そういう会話して昇降口に向かっていたら、ある人が話しかけてきた。


「大我!一緒に帰ろ、あ。えっと、鮫島さんですよね!はじめまして。鈴尾蓮です」


「あ!噂の蓮さん!鮫島由梨です。」


「噂?」


「まあまあ置いといて。でどうしたの」


「一緒に帰ろうって言ってついでに相談に乗ってもらおうと思ったんだけど、鮫島さんいるし、お邪魔しちゃだめだから忘れて!」


「いいよ。由梨いてもよければ一緒に帰ろうよ」


「ほんと?鮫島さんいい?」


「もちろんだよ。まあなんとなく大我くんから聞いてるし」


「おーい。鮫島さんにしょうもないこと言うな。優等生さんの知能低下させてるだろ」


「お前何をおっしゃっている?」


「逆に私が聞きたいかも」


「じゃあお邪魔します」


朝方に高瀬さんから話を少し聞いていたので由梨もその話は興味がありそうだったので蓮と一緒に帰ることにした。



「高瀬さんといい感じなんでしょ。」


「認めたら片想いで終わっちゃいそうなんだけど、そうなんだよね。」


「高瀬ちゃんにプレゼントあげたんですよね?」


「そうなんですよ。てか俺のこと蓮って呼んでください」


「蓮?じゃあ由梨でいいですよ!」


「恐れ多いので由梨ちゃんでもいいですか」


「お任せです!!」


「てか由梨ちゃんと大我の邪魔しちゃあかんかったよな。」


「気にすんな。」


「え高瀬ちゃんに何あげたんですか!」


と帰路で3人で蓮の相談に乗っていた。


「2人ともありがとう!頑張るわこれからも!またなんかあったらよろしくね!」


「じゃあね~」



「じゃあ大我くん後でね」


「あとでね」


準備をして由梨のお家に行った。

呼び鈴を鳴らすとお母様が出てきてくださり、何度もお家に上がらせてもらっているので、分かるのであろうという理由で入ってきていいよと言われた。由梨のご家族とも少しずつではあるが親しくなれてるのではないかと思い嬉しかった


「入ります」


「いらっしゃい大我くん」


「さっそくなんだけどここ教えてくれない?」


「あぁ日本の気候?いいよ。ちょっと複雑だもんね」


「お願いします由梨先生」


俺の検定試験も近いことから検定試験を何回か経験してる由梨にみっちり教えてもらった。
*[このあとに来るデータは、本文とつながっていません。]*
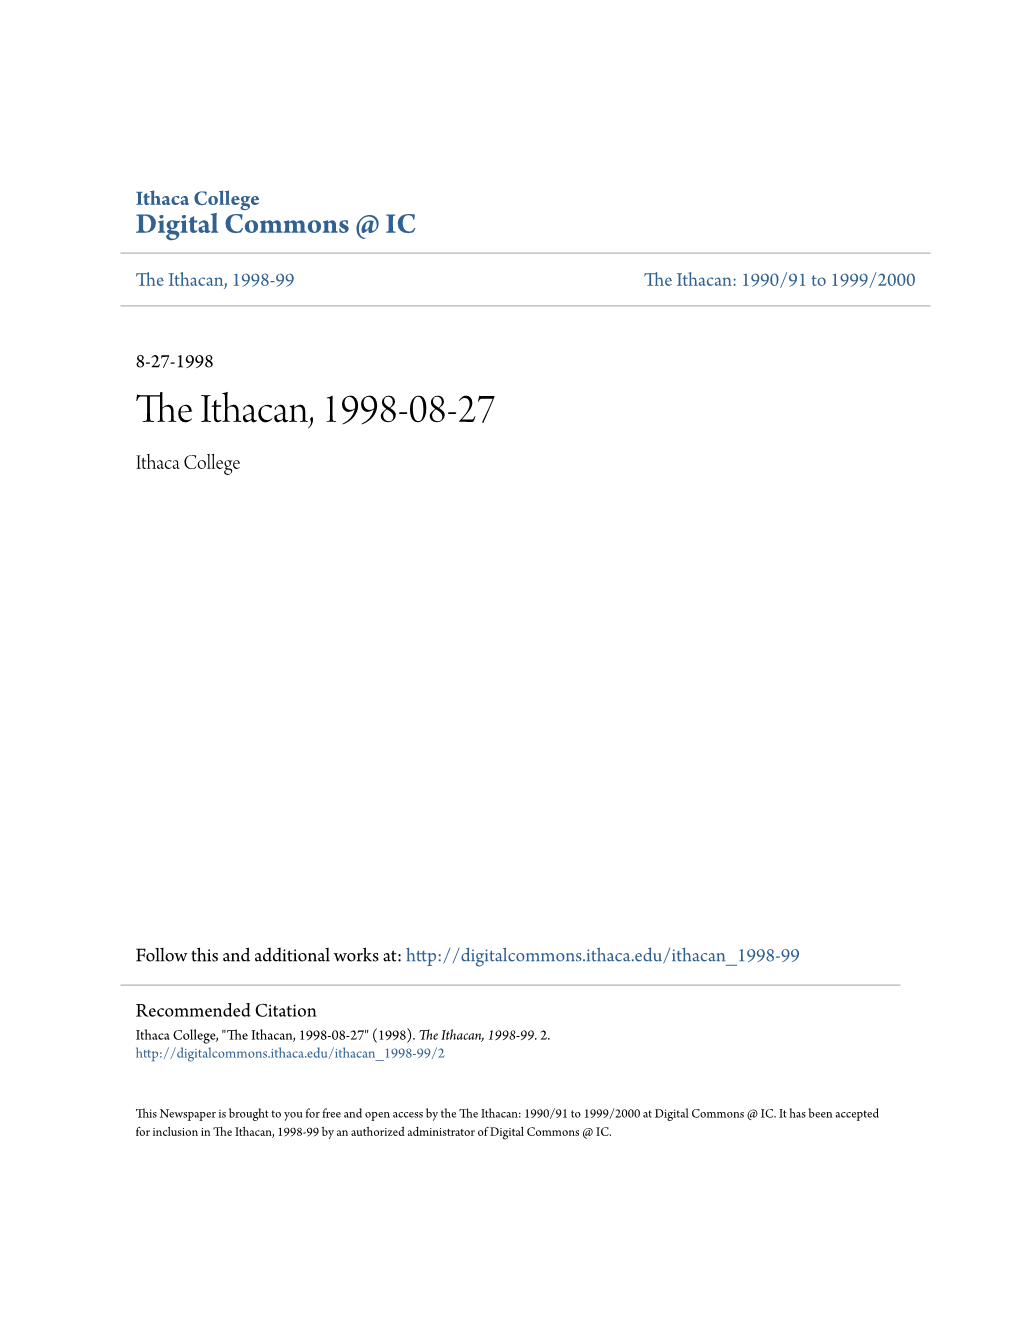 The Ithacan, 1998-08-27
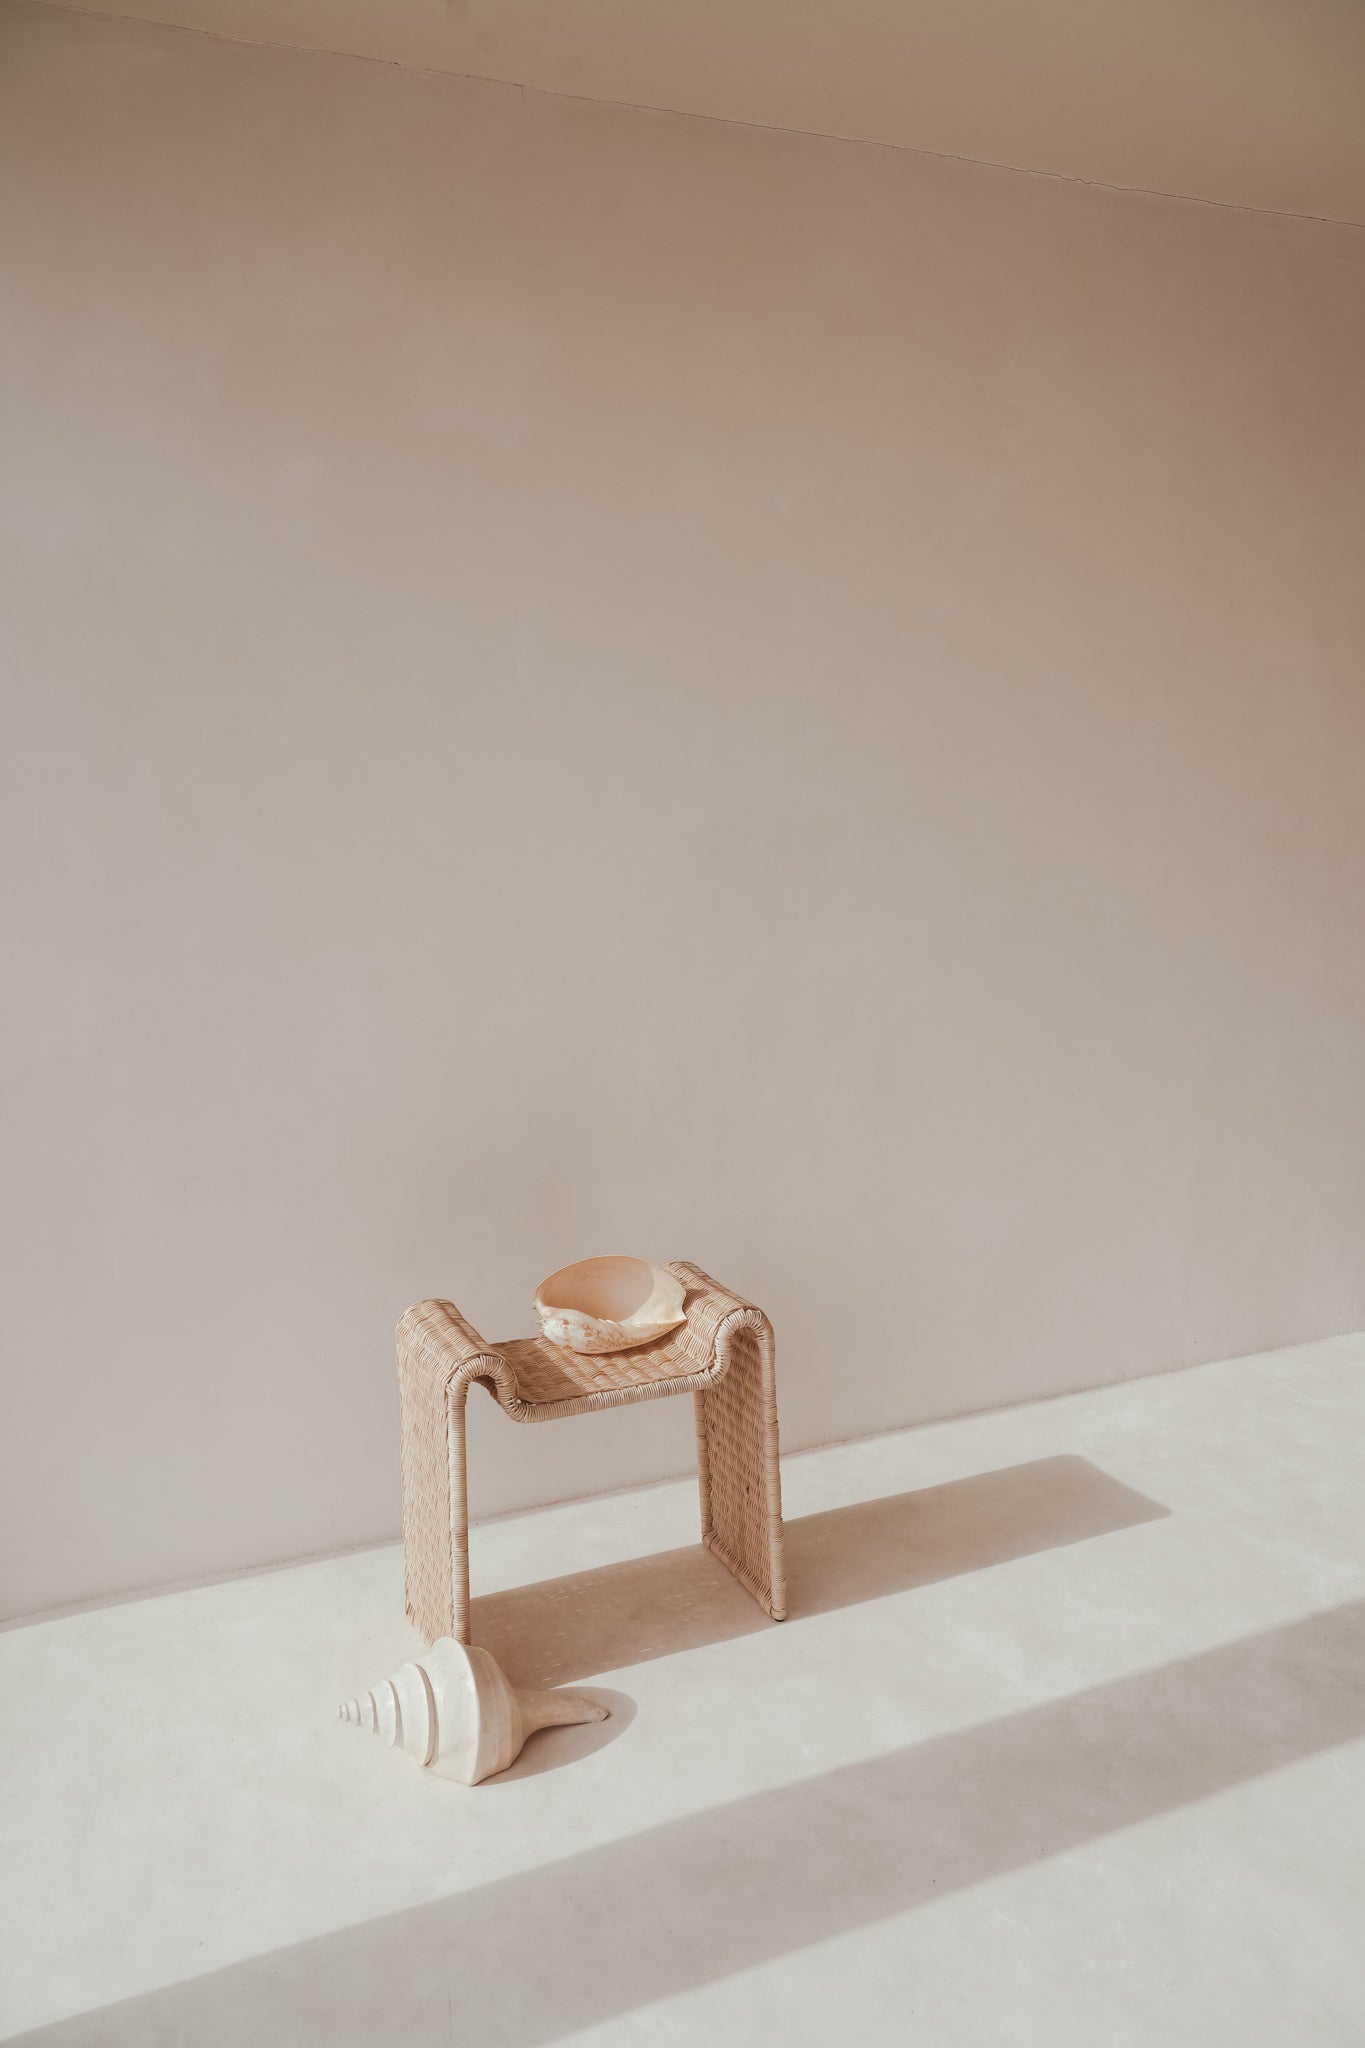 THE PALMA SIDE TABLE

勉強の休憩時間中に由梨のお母様がケーキを出してくださり、それもあり勉強がよりはかどった気がした。


「そろそろ帰るわ。呼んでくれてありがとう。」


「こちらこそありがとう!めっちゃ頭よくなった気がする」


「こっちのセリフだよ。ありがとう」


「また今度ね!やろうね」


「もちろん」





“また今度ね“

この約束をできることが嬉しい。